Alan Liu Receives NSF CAREER Award to Improve Monitoring of AI and Cloud Systems
Alan Liu, an assistant professor of computer science at the University of Maryland, has received a National Science Foundation (NSF) Faculty Early Career Development (CAREER) Program award to advance research on telemetry and observability for large-scale AI and cloud infrastructure.
Liu, who also has appointments in the University of Maryland Institute for Advanced Computer Studies (UMIACS), Maryland Cybersecurity Center (MC2) and the Artificial Intelligence Interdisciplinary Institute at Maryland (AIM), is the principal investigator on the award, which is expected to total about $700,000 over the next five years.
The NSF CAREER award supports early-career faculty who have the potential to serve as academic role models in research and education and to lead advances in their department’s or organization’s mission.
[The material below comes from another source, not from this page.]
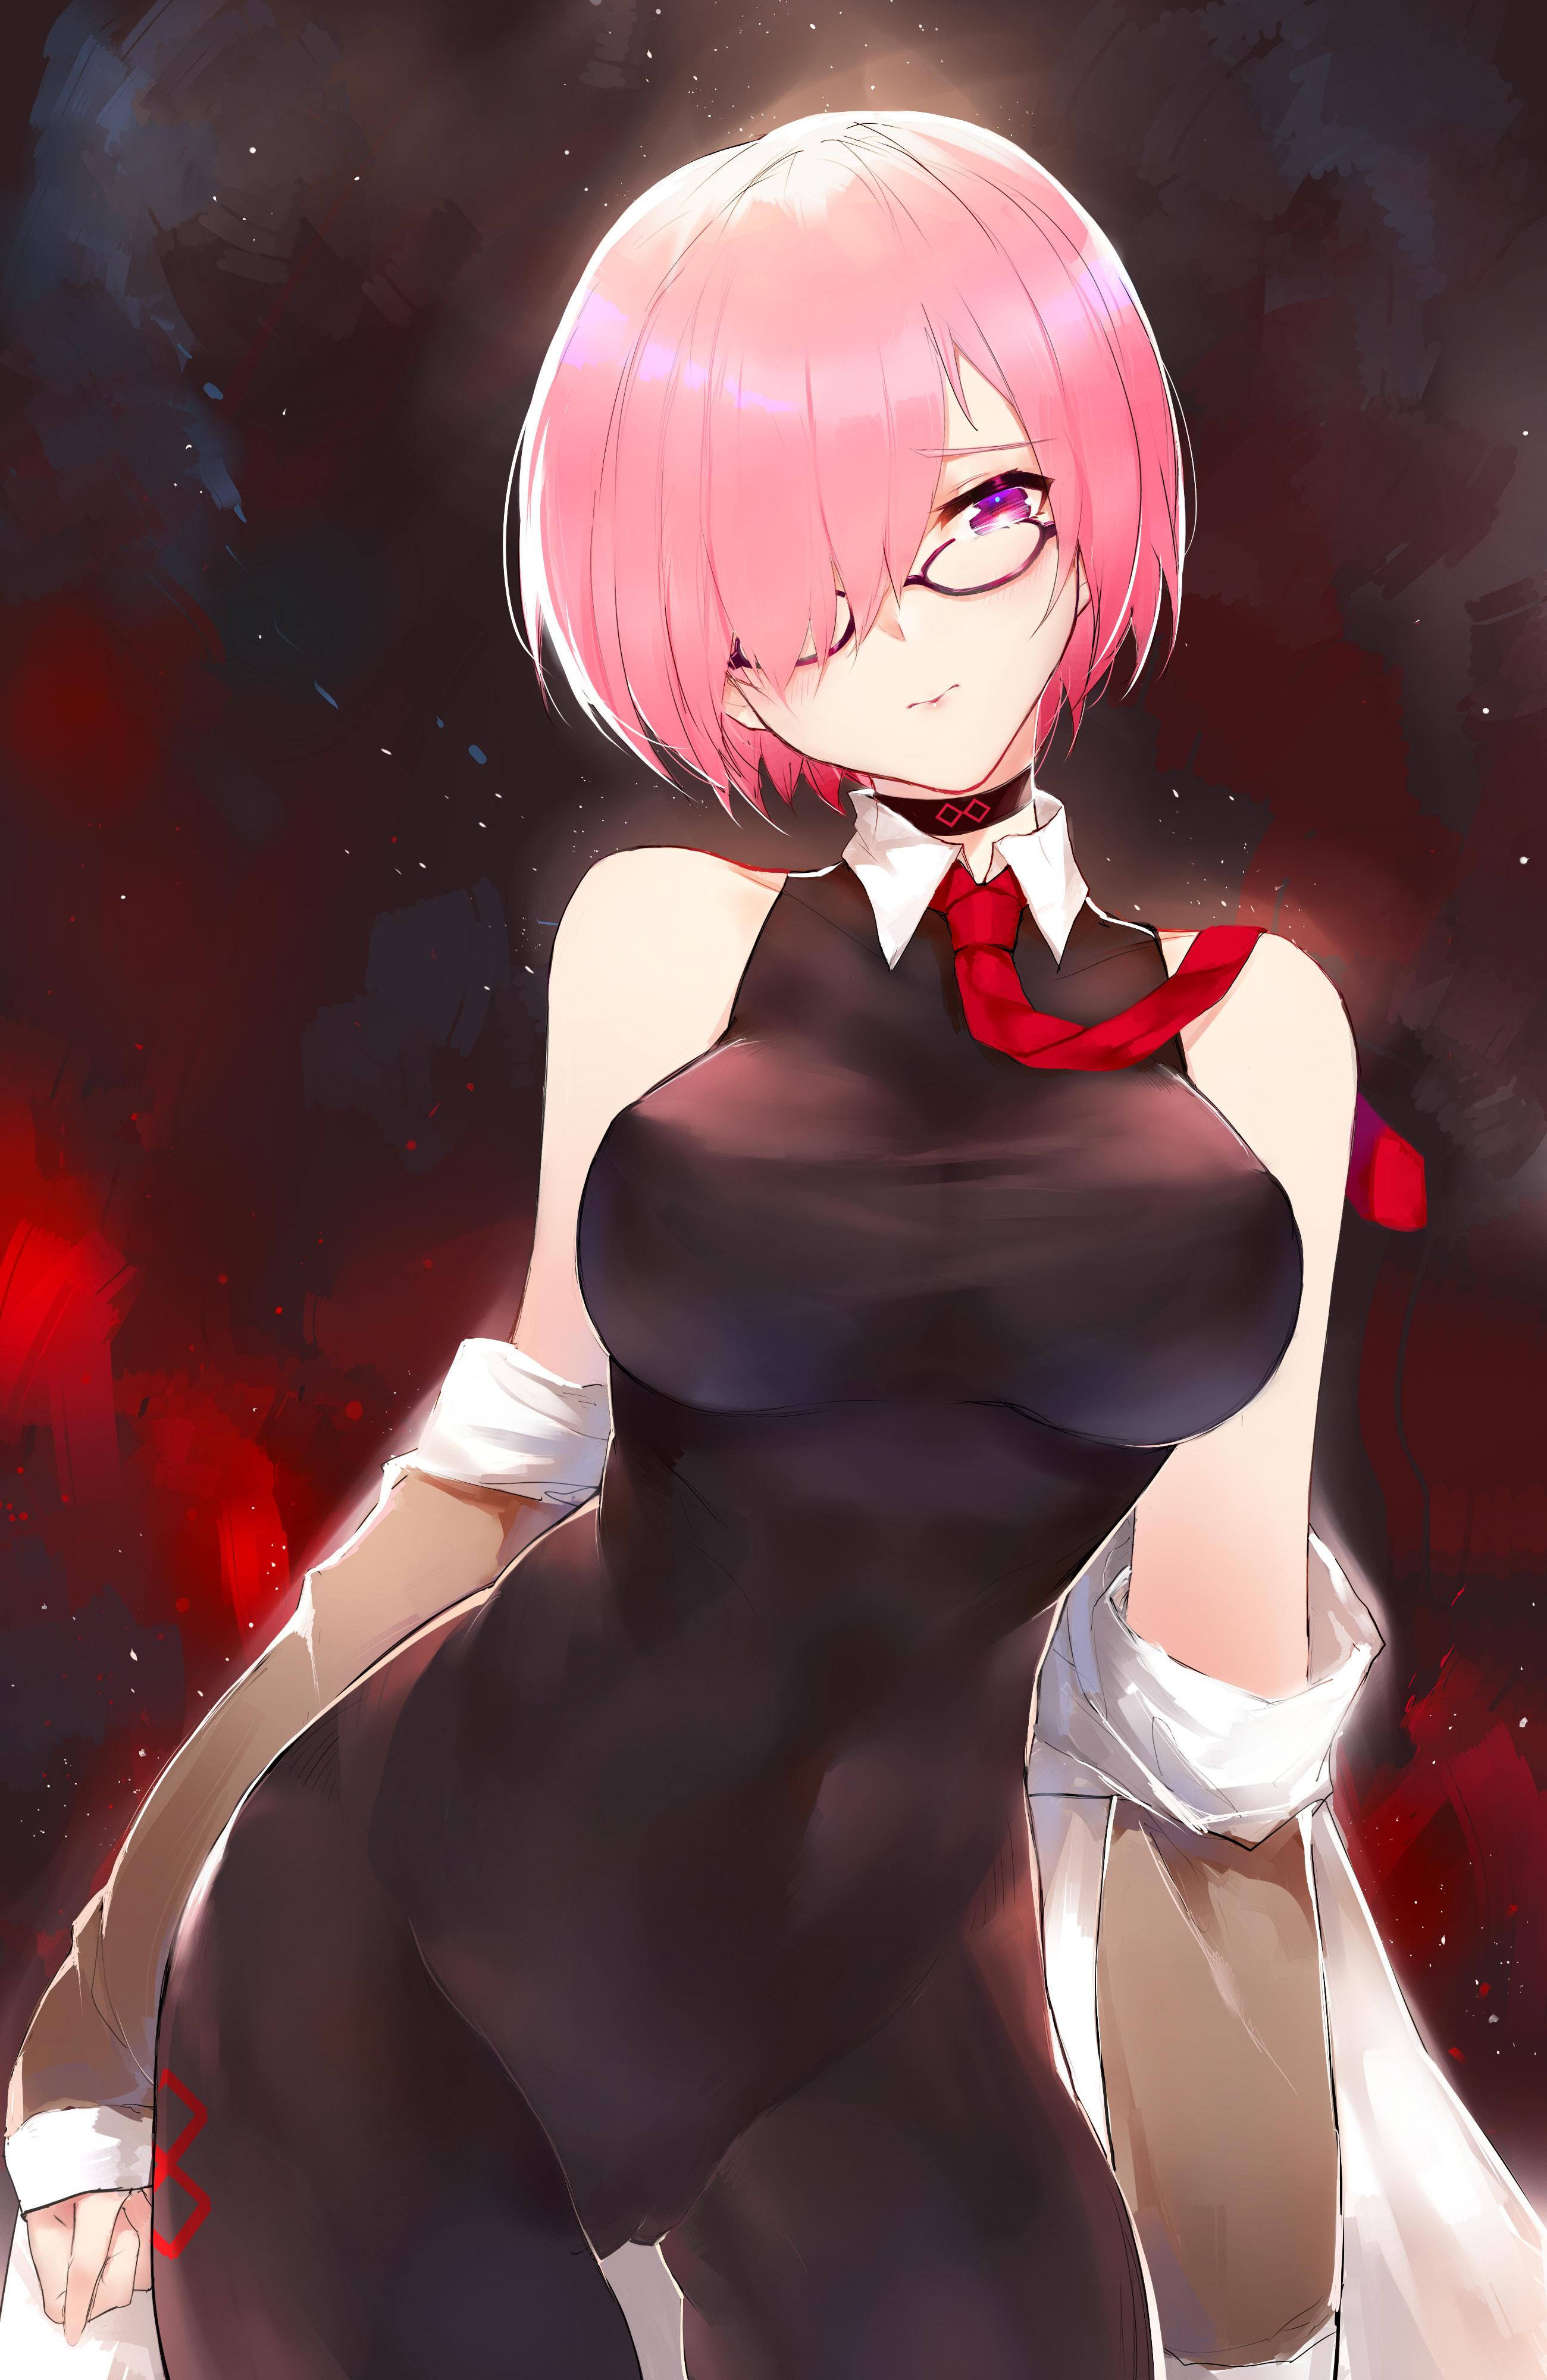 Anime 2600x4000 bodysuit cameltoe Fate/Grand Order glasses Mash Kyrielight hard nipples

“I am deeply honored to receive this support from the National Science Foundation,” Liu said. “This award is especially meaningful because it recognizes the growing importance of building the systems foundation needed for robust and trustworthy AI. As AI infrastructure becomes increasingly central to science, education, health care, commerce and everyday life, I believe it is critical that we develop new ways to observe, understand and manage these complex systems at scale.”
Liu’s research develops telemetry and observability systems for large-scale compute infrastructure. Modern AI services depend on networks of servers, accelerators, storage systems and software components that must work together under changing workloads.
Those systems generate large amounts of operational data, including signals related to network traffic, resource use, failures, bottlenecks and attacks. As AI and cloud infrastructure grows, those signals are becoming increasingly difficult to monitor through traditional approaches.
Liu’s NSF-supported project places approximation at the center of observability. Instead of collecting and analyzing every data point, the project will develop compact and uncertainty-aware summaries that preserve the information most needed for real-time decision-making.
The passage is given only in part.